Meat normally contracts/shrinks some when heated. Not sure what impact the marinade would have. Without being able to compare the before and after, it's difficult to judge.
 
I actually slice them diagonaly and get several slices out of one breast. I use them for piccata. I like eggplant parm over chicken.I am just weird that way.

I place the slices between plastic and use a glass or wine bottle.
 
I actually slice them diagonaly and get several slices out of one breast...


I do this too. Slice a breast piece into three pieces and pound thin. This gives you more manageable-sized pieces. I have a hammer shaped tenderizer/pounder combo that works well for me.
 
And horizontal slices result in cut fingers!!! :)

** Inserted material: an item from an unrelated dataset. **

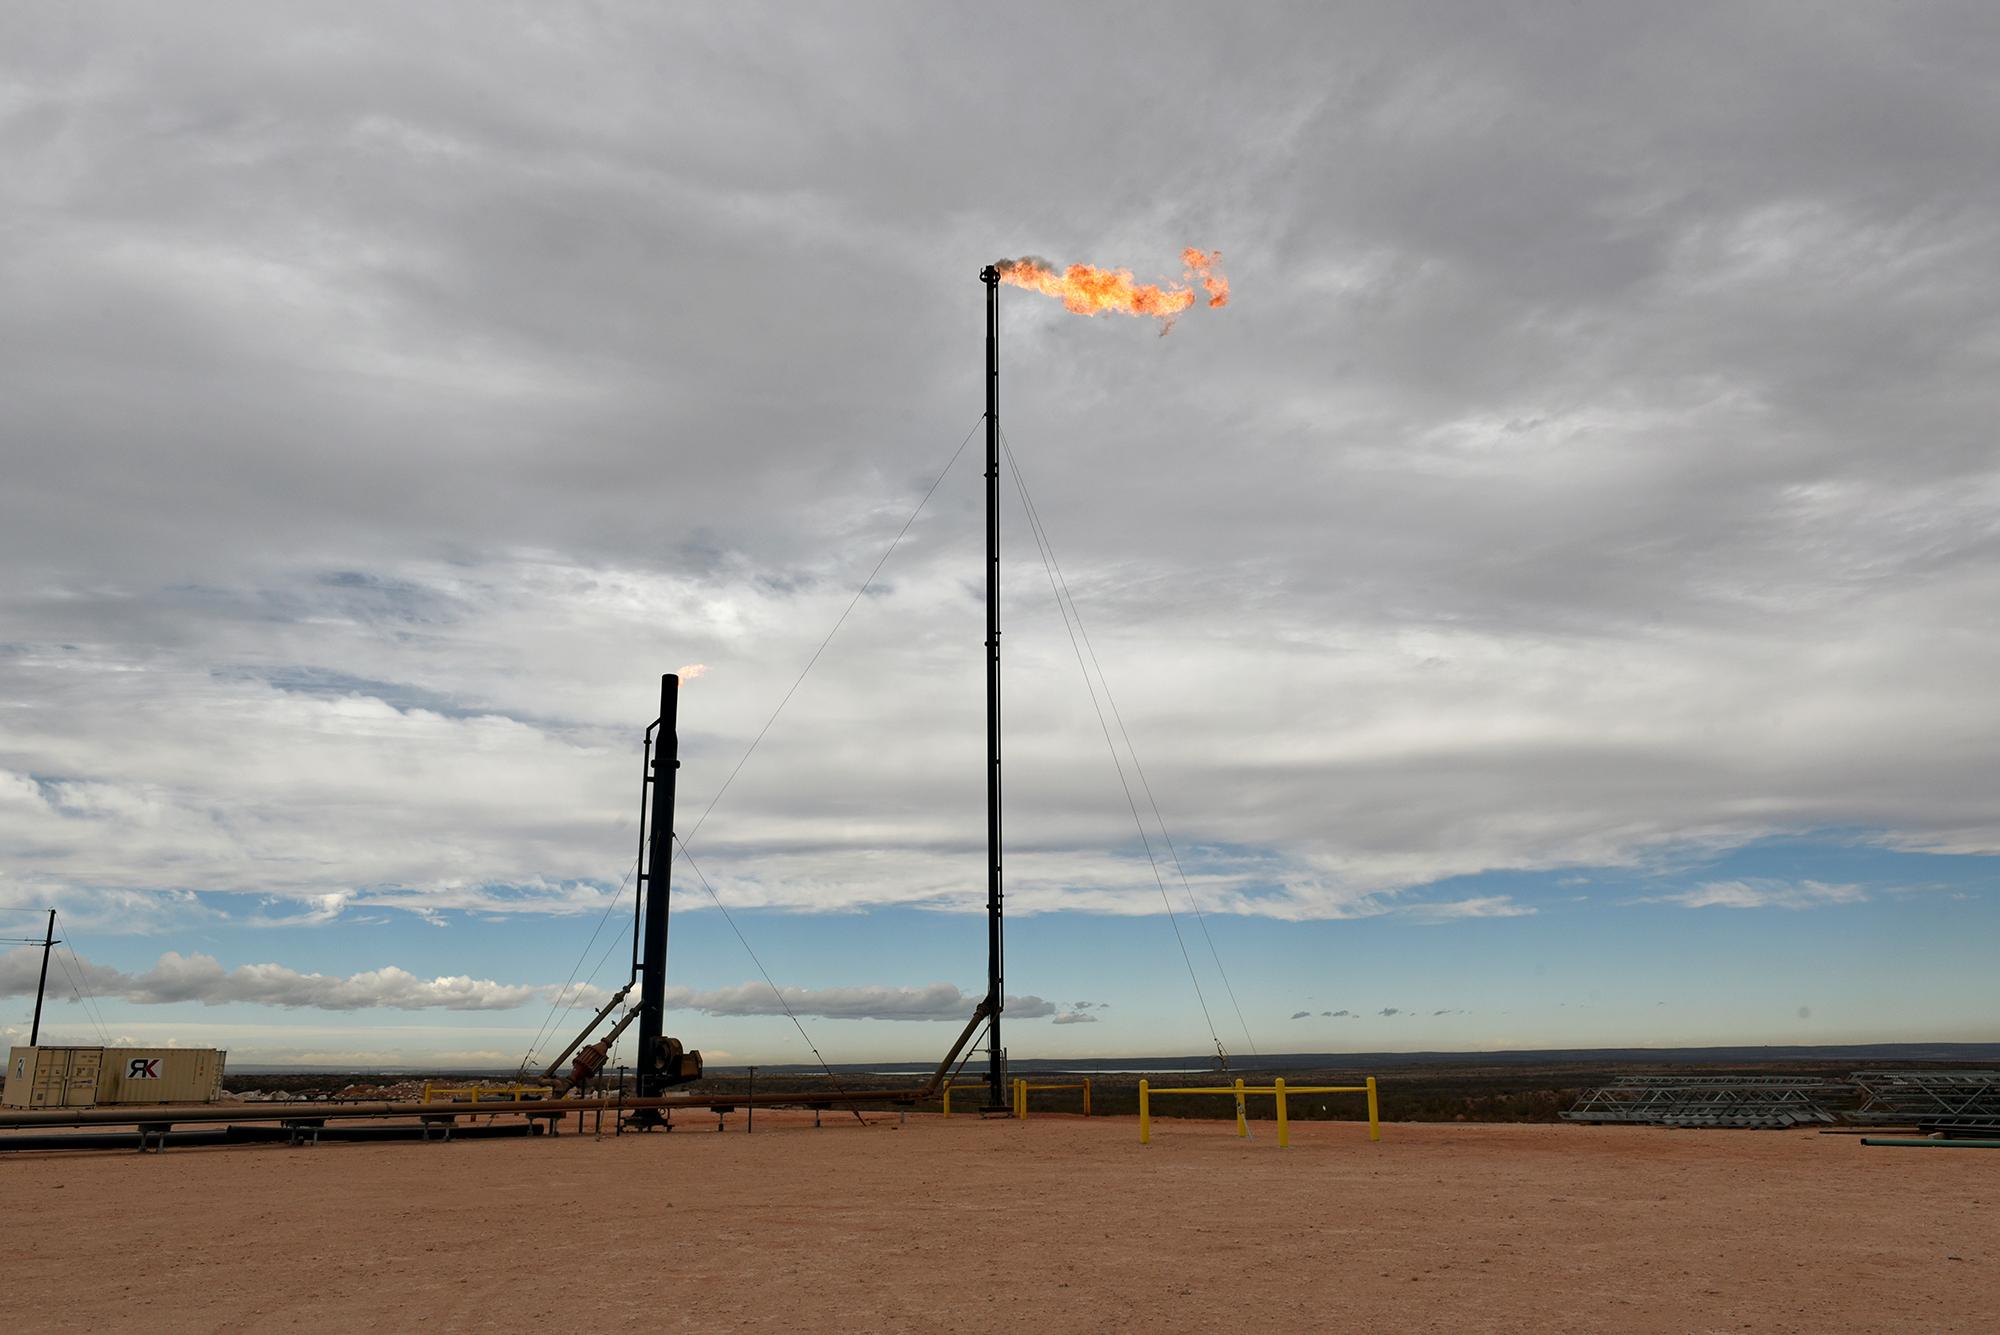 Exxon faces $20 billion hit from 'epic failure' of a decade ago
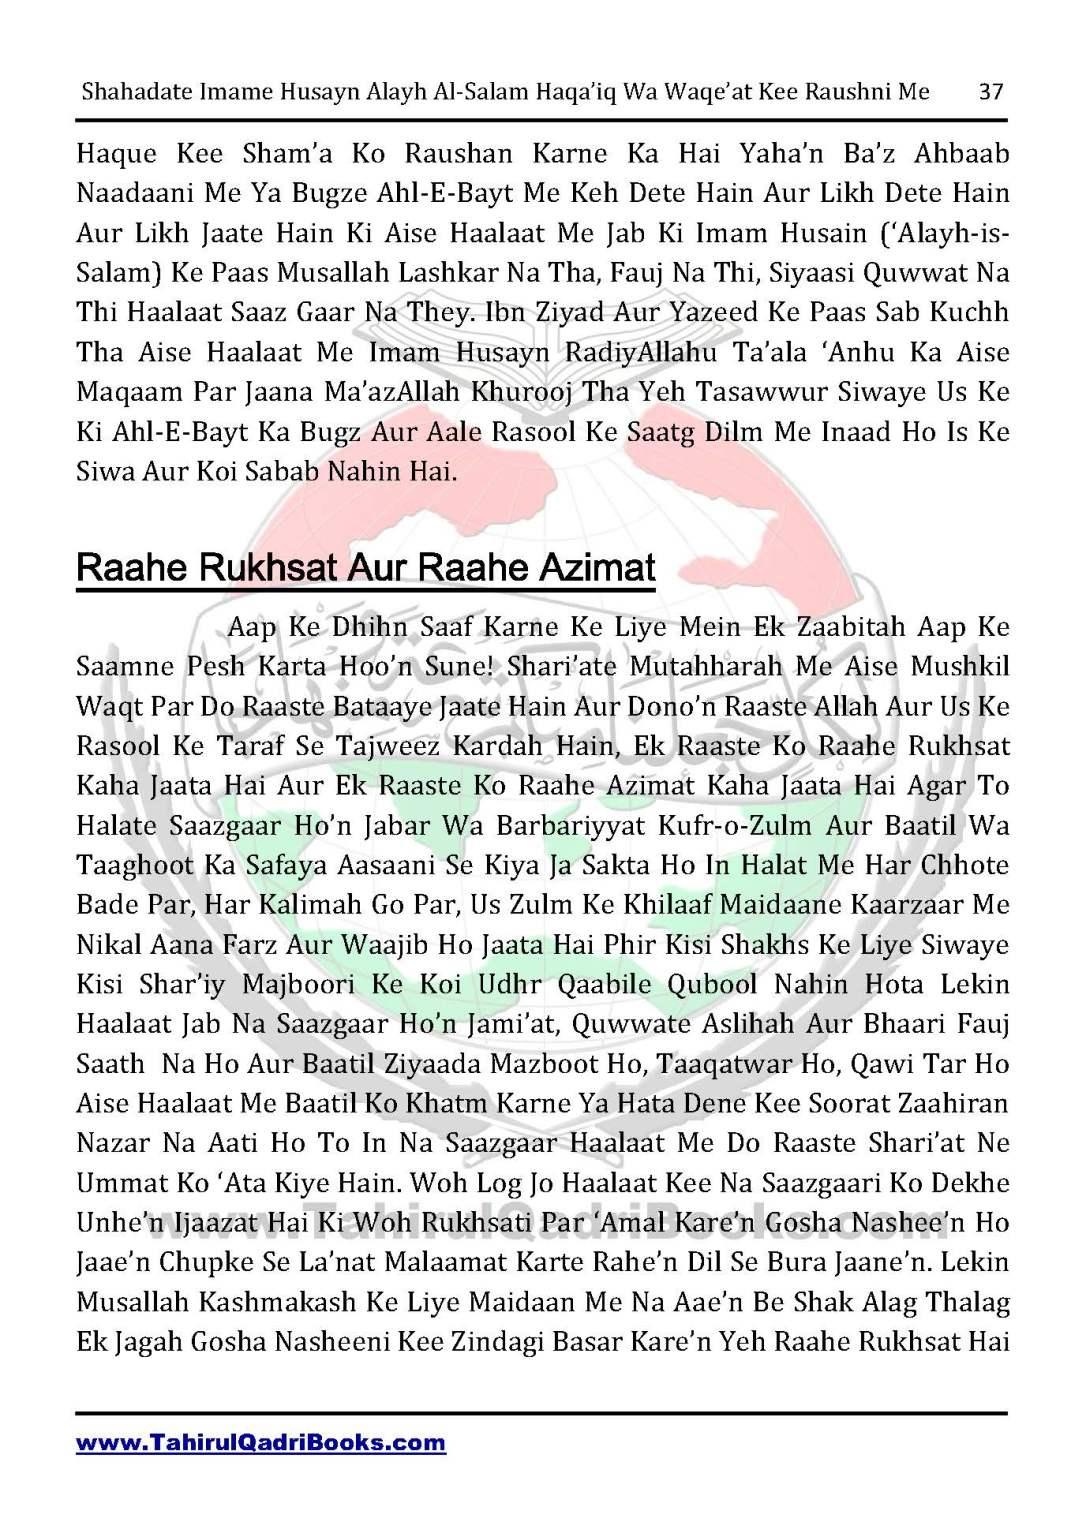 shahadate-imame-husayn-alayh-is-salam-haqaiq-wa-waqe_at-kee-raushni-me-in-roman-urdu-unlocked_Page_37

I think the reason the dinner plate sized thin pounded chicken "poofed up" was that the pounding just stretched all the fibers out and when the cooking heat was applied the muscle (a chicken breast is in essence just a big muscle) fibers tensed up and contracted due to the heat denaturing the proteins. I've seen steaks plump up a bit in cooking and I think the big reason the chicken plumped so much is that it was just an extreme case, so thin and spread out, no real structure to resist contracting. That must have been about 1/8 inch thick!

When I consider solutions I think scallopini, which I often see at the butcher's shop, thinly sliced rather than "you pound them at home." I've often flattened chicken breasts for some dish or other (e.g. au poivre) but I've never pounded one out to a dinner plate size! I've been content with the shrinkage that usually occurs.

I presume you wouldn't have wanted a dinner plate sized serving so you must have been intending to accept some shrinkage and the problem was that you got too much. I think rather than pounding thin and hoping it will stay thin that you should turn to slicing thin. I think the pounding accentuates the plumping up that follows when cooking.

So what I would suggest is thinly slicing your breasts, either on the diagonal which is a reasonably safe and easy procedure, or splitting them horizontally, or have your butcher do the job for you.

It would be interesting to hear details on your intended end result DL. It's always so much fun to hear about what other people are trying to accomplish in their cooking adventures. :)
 
Thanks, guys! I think next time I'll slice them across through the middle, then pound, or cut into thirds and pound. I was quite proud of myself, as they were close to paper thin. They did taste so good!
 
I think maybe the rubber mallet was the problem. I am old school, I guess. I put 'em between wax paper and pound with a wine bottle. I think the curved surface does a better job of breaking down the connective tissue, the collagen and elastin fibers. A flat faced rubber mallet might not break the fibers, and allow them to spring back into their unpounded condition.
 
Funny. You may have something there, Gadzooks. I tried it again. I sliced them across the middle, smacked them PAPER THIN with the rubber mallet in the big ziplock, dredged, then pankoed, fried, then they poofed up again. But they were utterly delicious.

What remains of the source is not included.